切恋~First Love~



あたし達レベルに作られていて、簡単な基礎問題ばかりが並べられたプリント。


テスト勉強を頑張ったから、理解している問題がほとんどだった。


だけど全くと言っていいほど集中できていない今の頭では、どうしてもあと一歩のところで突っかかる。


ここ佳耶と流菜ちゃんと一緒に解いたのに・・・。


どうやってやるんだっけな・・・。


そんな問題が飽きるくらい出てきた。


それでも無心でシャーペンを動かして、なんとか終わった。


何時間も座りっぱなしだった体を、座りながら思い切り伸ばす。


その時にコキコキと、いくつかの関節が音を奏でた。


プリントを終えたその頃には、夏だからまだ空は明るいものの、夕方特有のカラスの鳴き声が飛び交っていた。

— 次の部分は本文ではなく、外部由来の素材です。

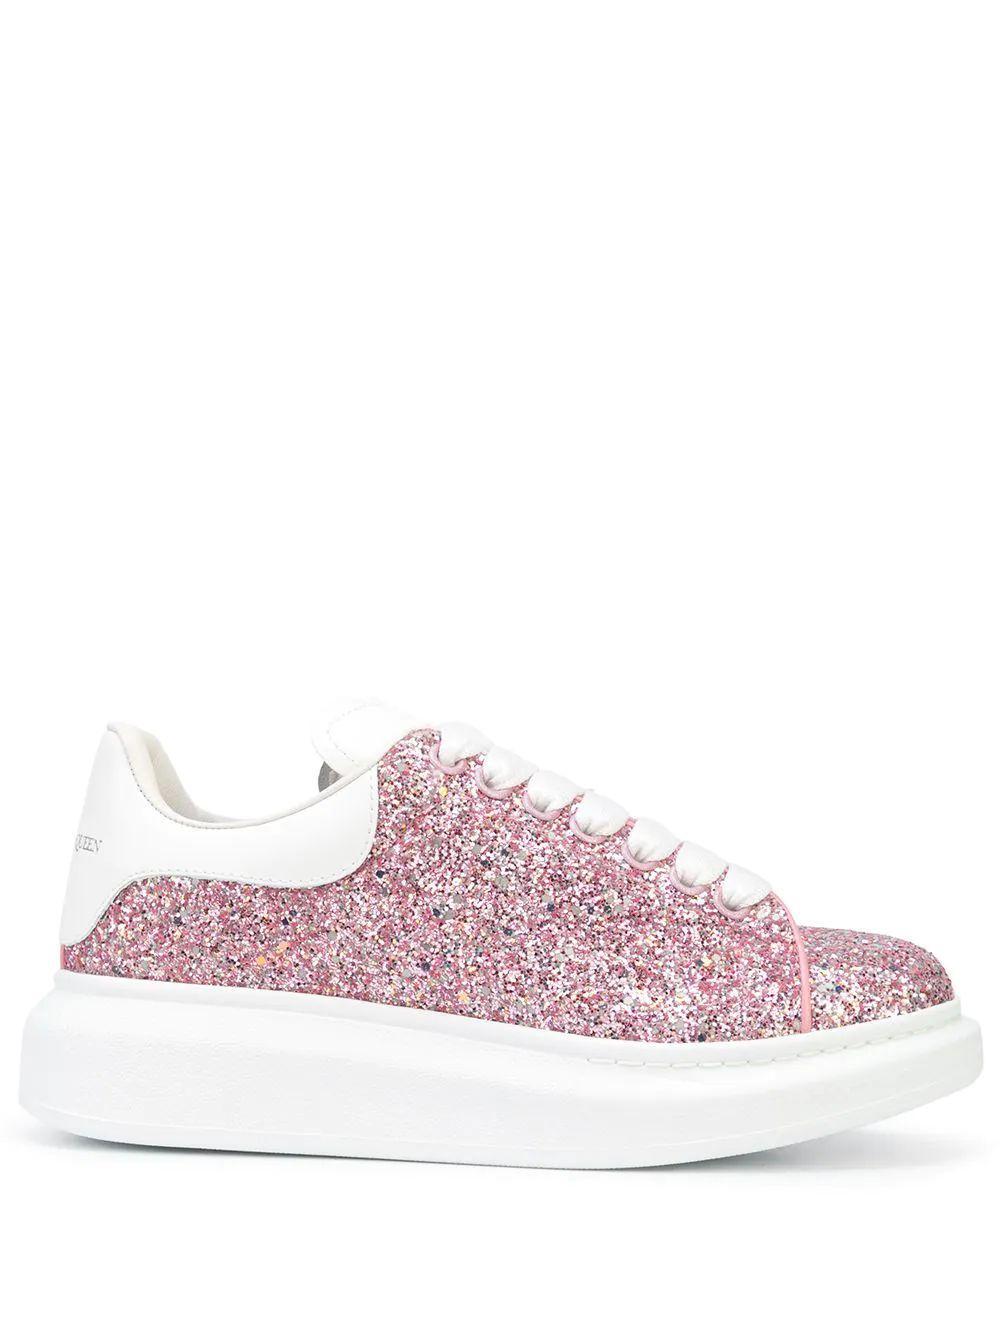 All Over Glitter Platform Sneaker Item # 621062W4RN1
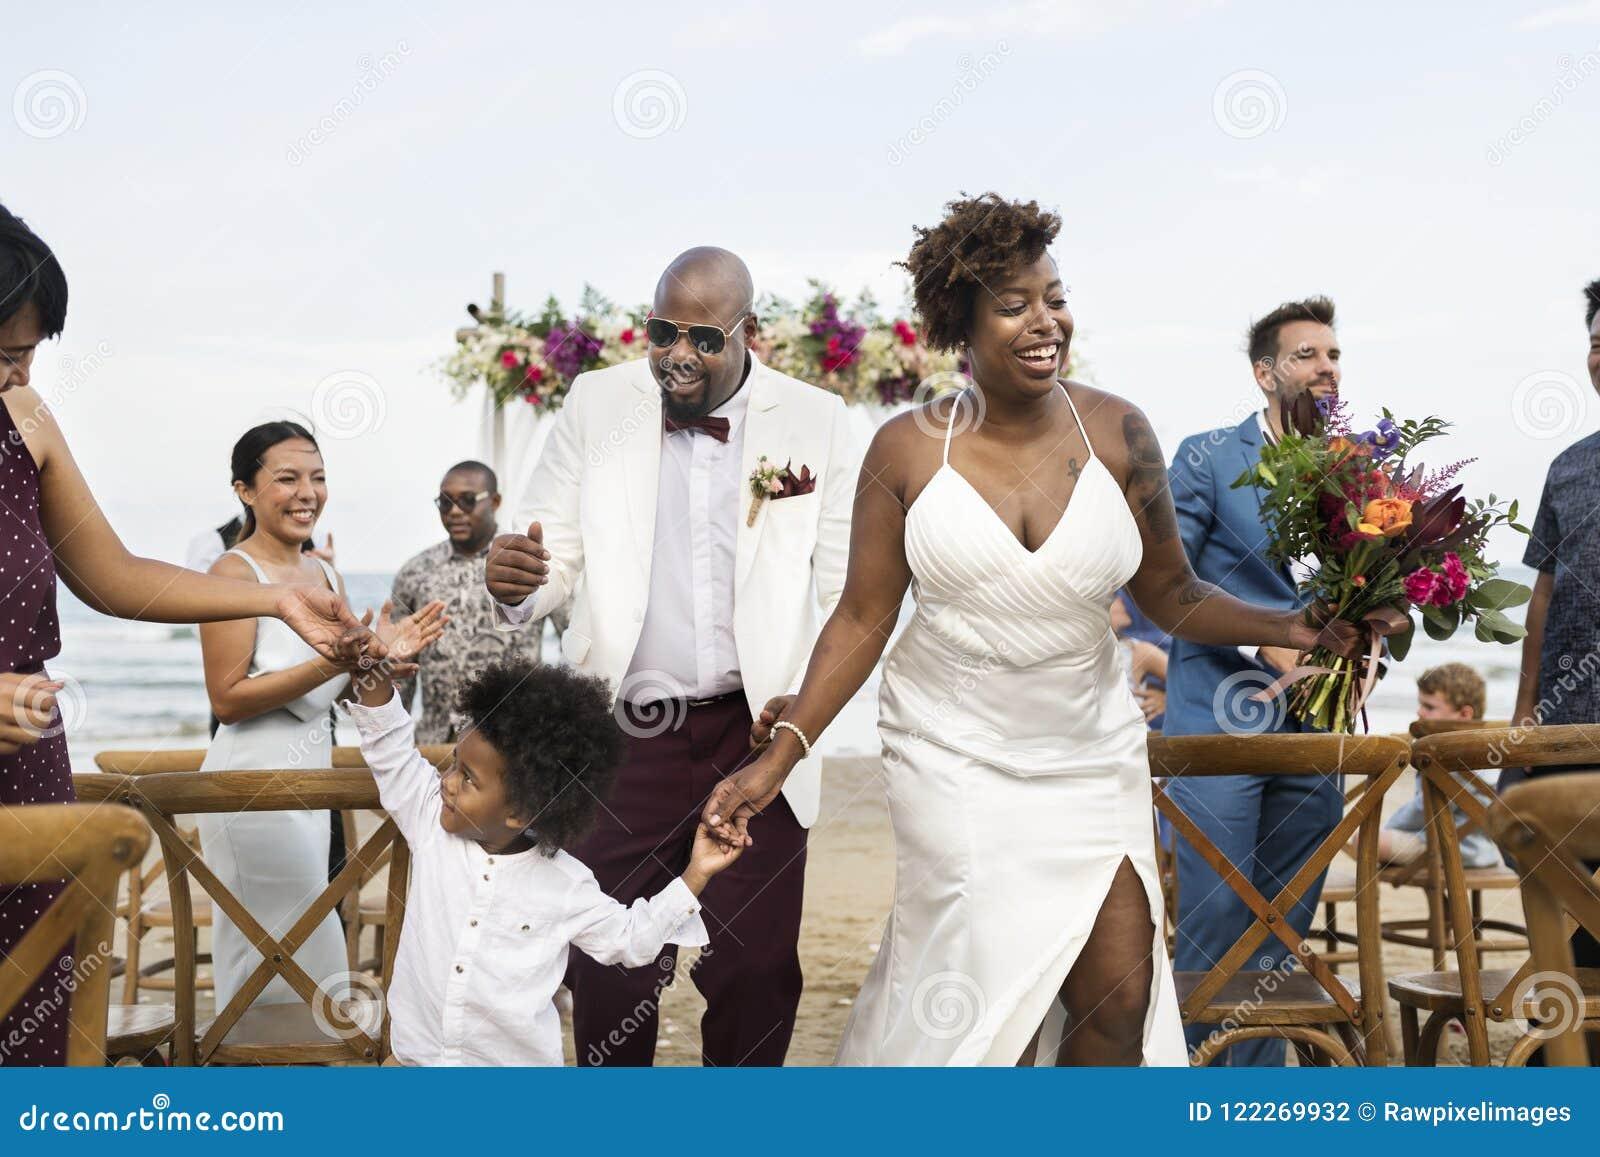 African American Wedding.African American Couple S Wedding Day Stock Photo Image Of Black

周りの人も終わってたいり、まだだったりと毛色がまちまち。


何十枚もある分厚いプリントを抱え、先生のところに提出しようと列に並ぶと、


「あ、南美ちゃんも終わったの?」


最後尾に尾崎君がいた。


「うん、適当だけど。尾崎君も?」


「うん、ウルトラに適当」


・・・・・・相当適当なんだね。


その後、若い女の先生にプリントを出し、鞄を持って教室を出た。